QUEST: Tonight's profitable moment. The European Union's list of potential items to be tariffed against United States is truly remarkable.

A digital flight data recorders, fully automatic household or laundry type from clothing, washing machines.

And how about this one, electrical machines and apparatus, I think individual functions. And absolutely no idea what that means. But I do

know what orange juice, Long Grain Rice, Tennessee Whiskey Jack Daniels would mean.

We are just a week away from the tariffs from the United States coming into effect. And by publishing this list which is strategic in nature, but

somehow random in content -- well, we know that the European Union is sending out a very sharp message.

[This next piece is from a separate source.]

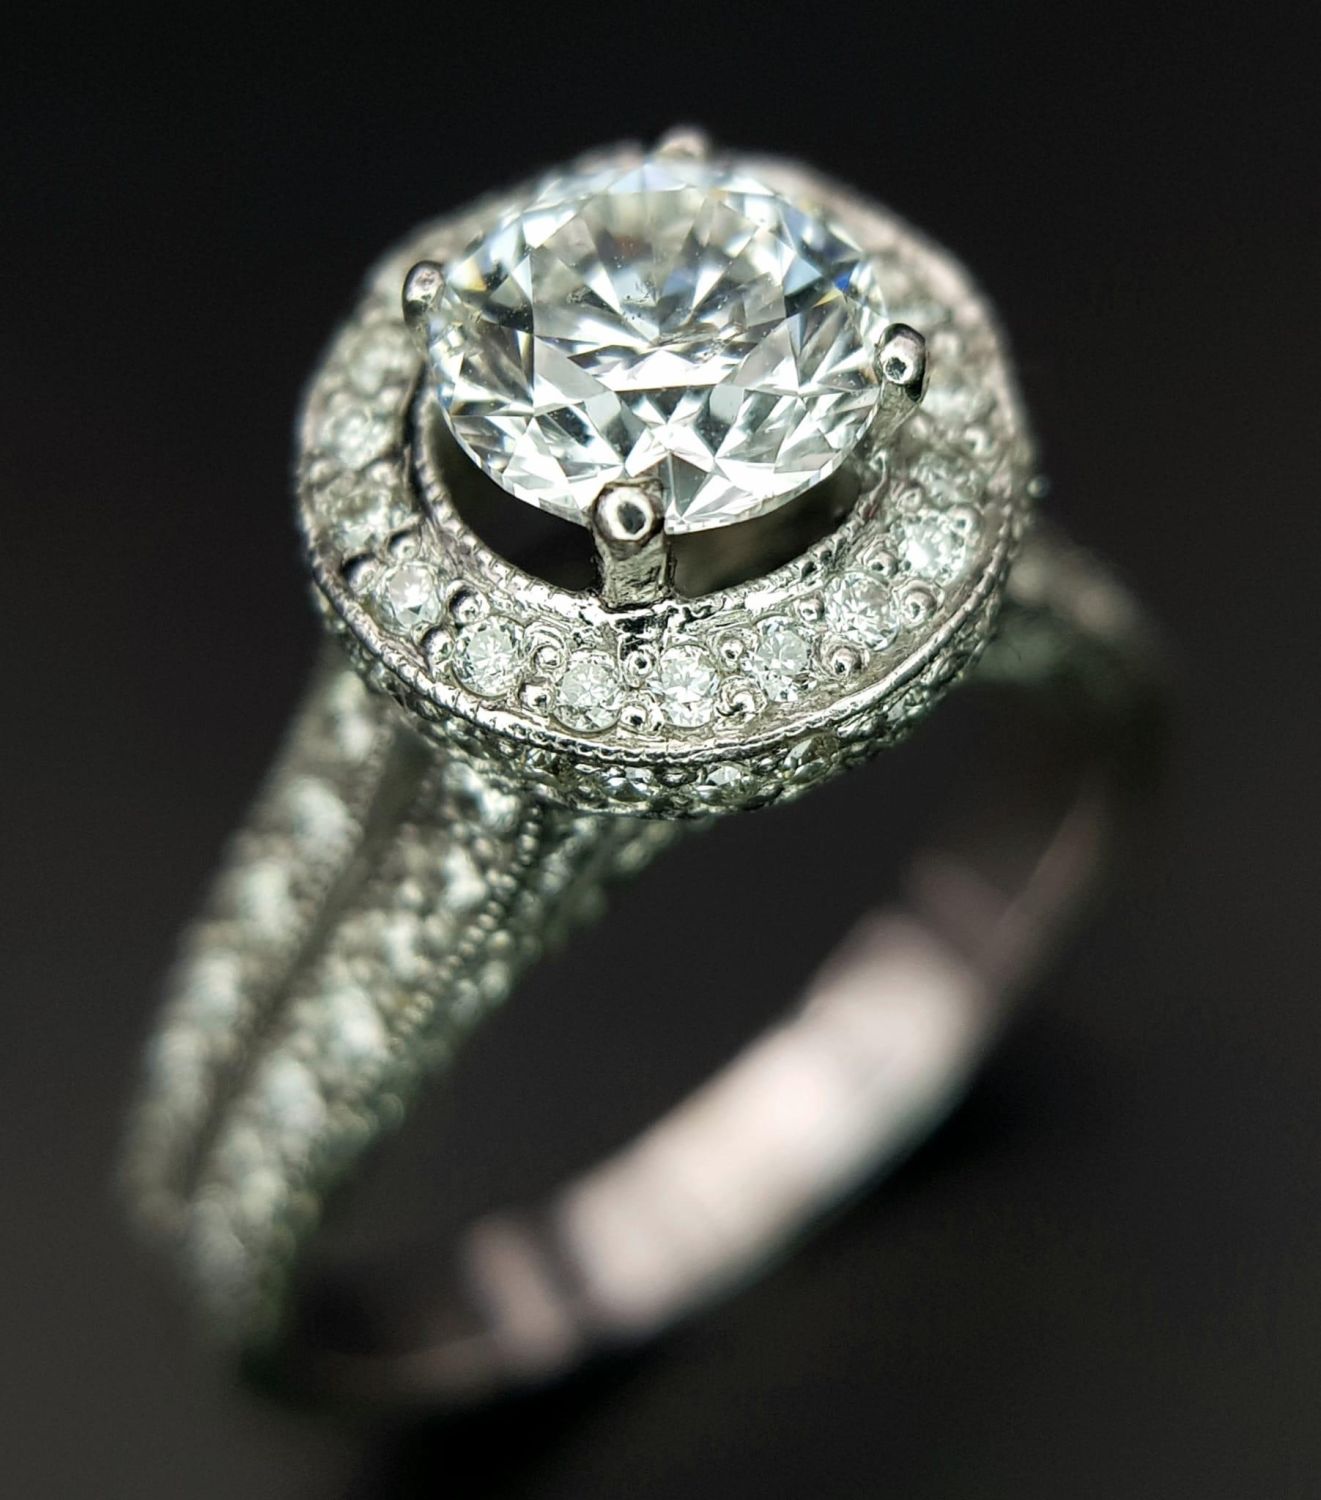 An 18 K white gold ring with a brilliant cut diamond (1.01 carats) surrounded by diamonds on the top - Image 5 of 22

The problem is whether anybody in Washington is listening. Make no bones about it, yes, we all still someway offer trade war, and there those people

that think it will never happen.

But we're not that far off, because all it will take is these tariffs to come in without exemptions, untargeted, broad range and then bang, this

will come in.

And the president who doesn't like to be questioned will then go for the next round and tit-for-tat becomes a full trade scale trade war. Make no

bones about it, it still put up.

And that's QUEST MEANS BUSINESS for tonight, I am Richard Quest in London, I'm off in next week, whatever you're up to in the week ahead, I hope it's

profitable, I'll see you when I get back, have a good day.